Air moves through the tracheal system by:

  • Diffusion along concentration gradients
  • Body movements that compress and expand tracheae (in larger insects)

This system delivers oxygen directly to tissues without requiring blood transport. It works efficiently for small organisms but limits insect body size because diffusion becomes too slow over long distances.

Caribbean agricultural pests like grasshoppers and beetles use this system. Understanding insect respiration helps develop pest control strategies for crops like sugarcane and citrus.

Worked examples

Example 1: Comparing respiratory surfaces (6 marks)

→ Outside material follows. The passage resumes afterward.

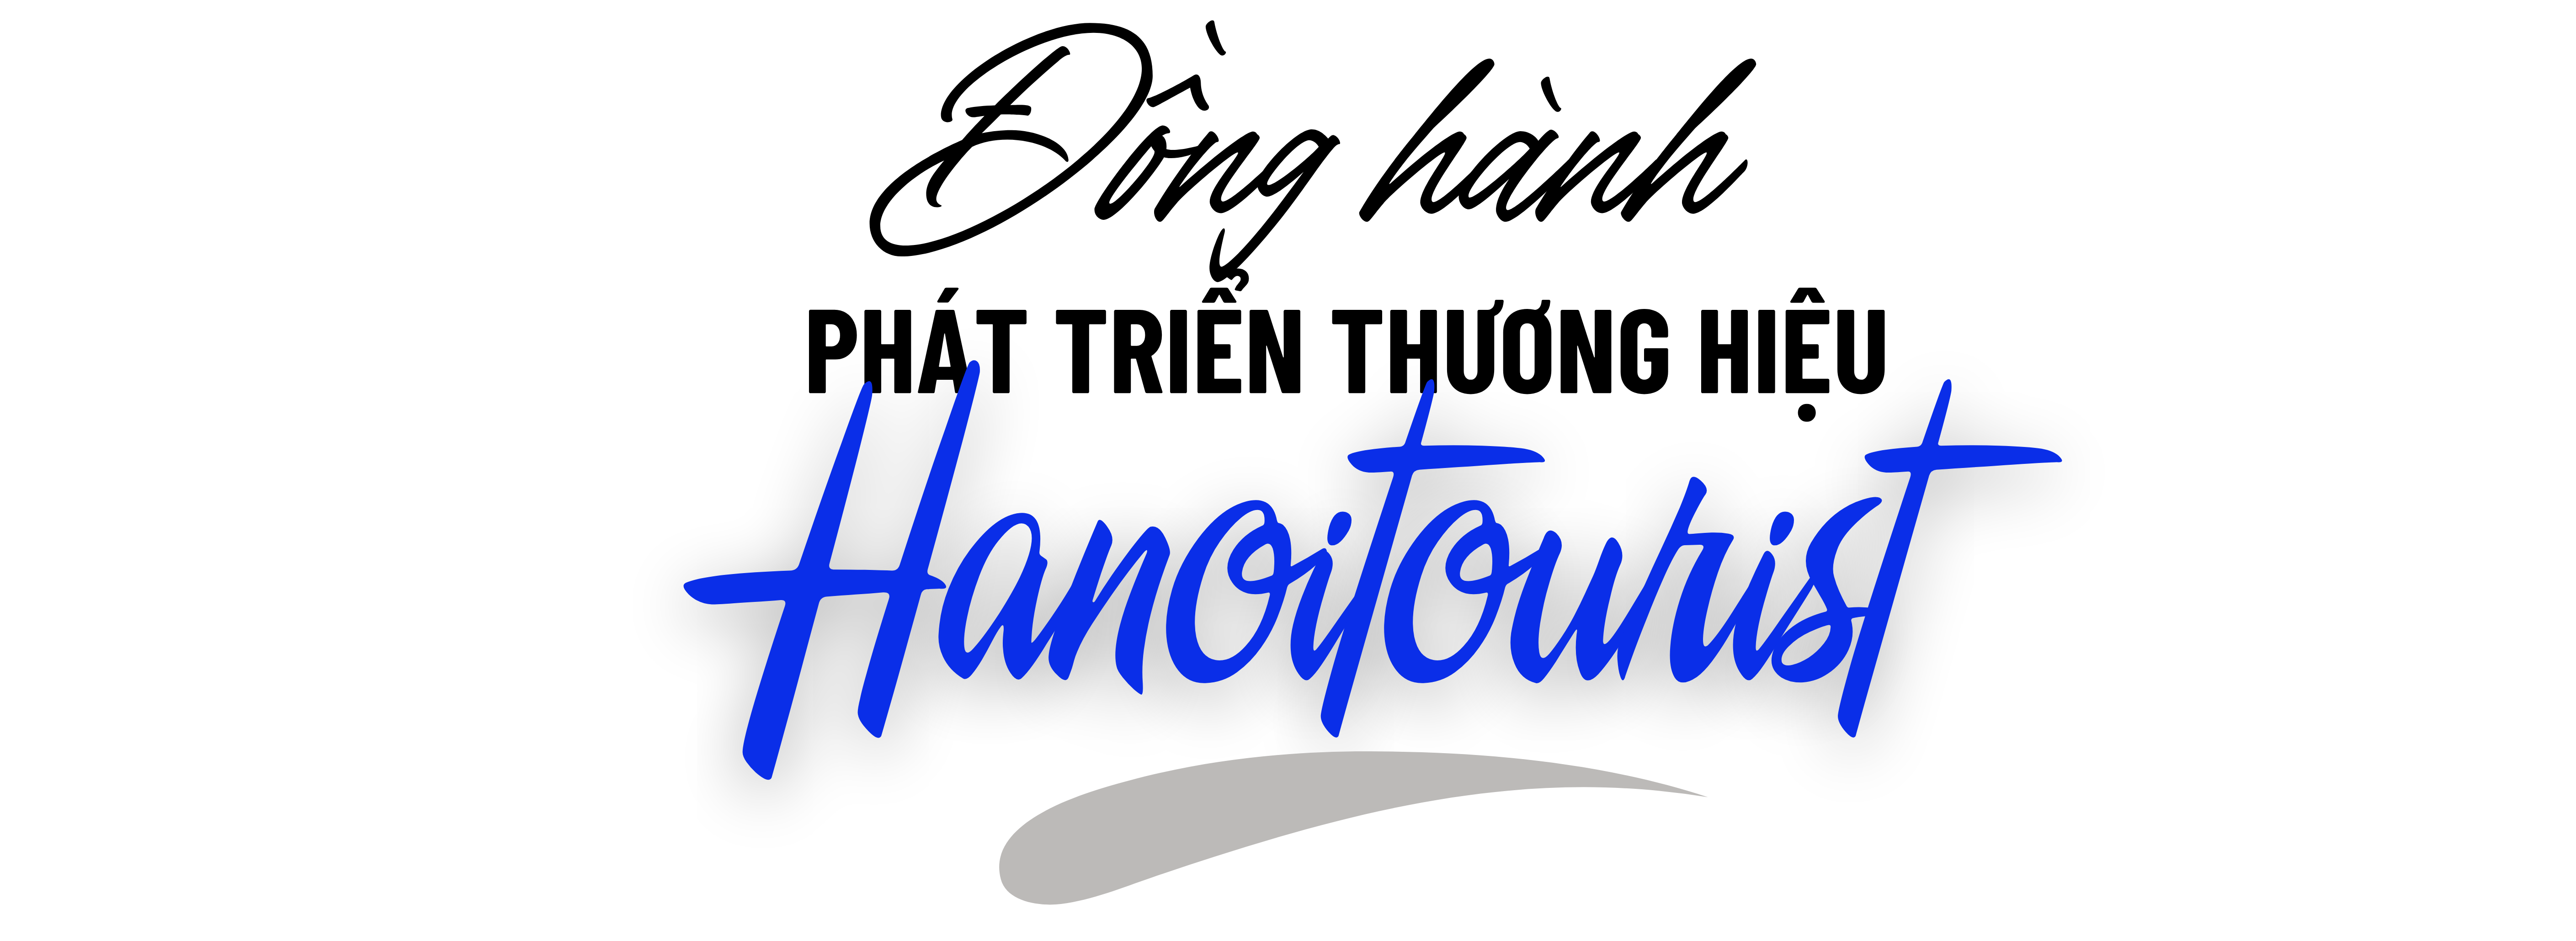 Công đoàn đồng hành nâng tầm giá trị thương hiệu Hanoitourist

Question: The table below shows features of three respiratory surfaces. Complete the table by inserting the correct feature in each empty cell.

Feature Human alveoli Fish gills Leaf stomata
Thin wall ?
Moist ?
Large surface area ?

(a) Complete the table. (3 marks)

(b) Explain why a large surface area is important for efficient gas exchange. (2 marks)

(c) Name ONE structural difference between fish gills and human alveoli. (1 mark)

Mark scheme answer:

(a)

  • Thin wall for leaf stomata: ✓ (1 mark)
  • Moist for fish gills: ✓ (1 mark)
  • Large surface area for human alveoli: ✓ (1 mark)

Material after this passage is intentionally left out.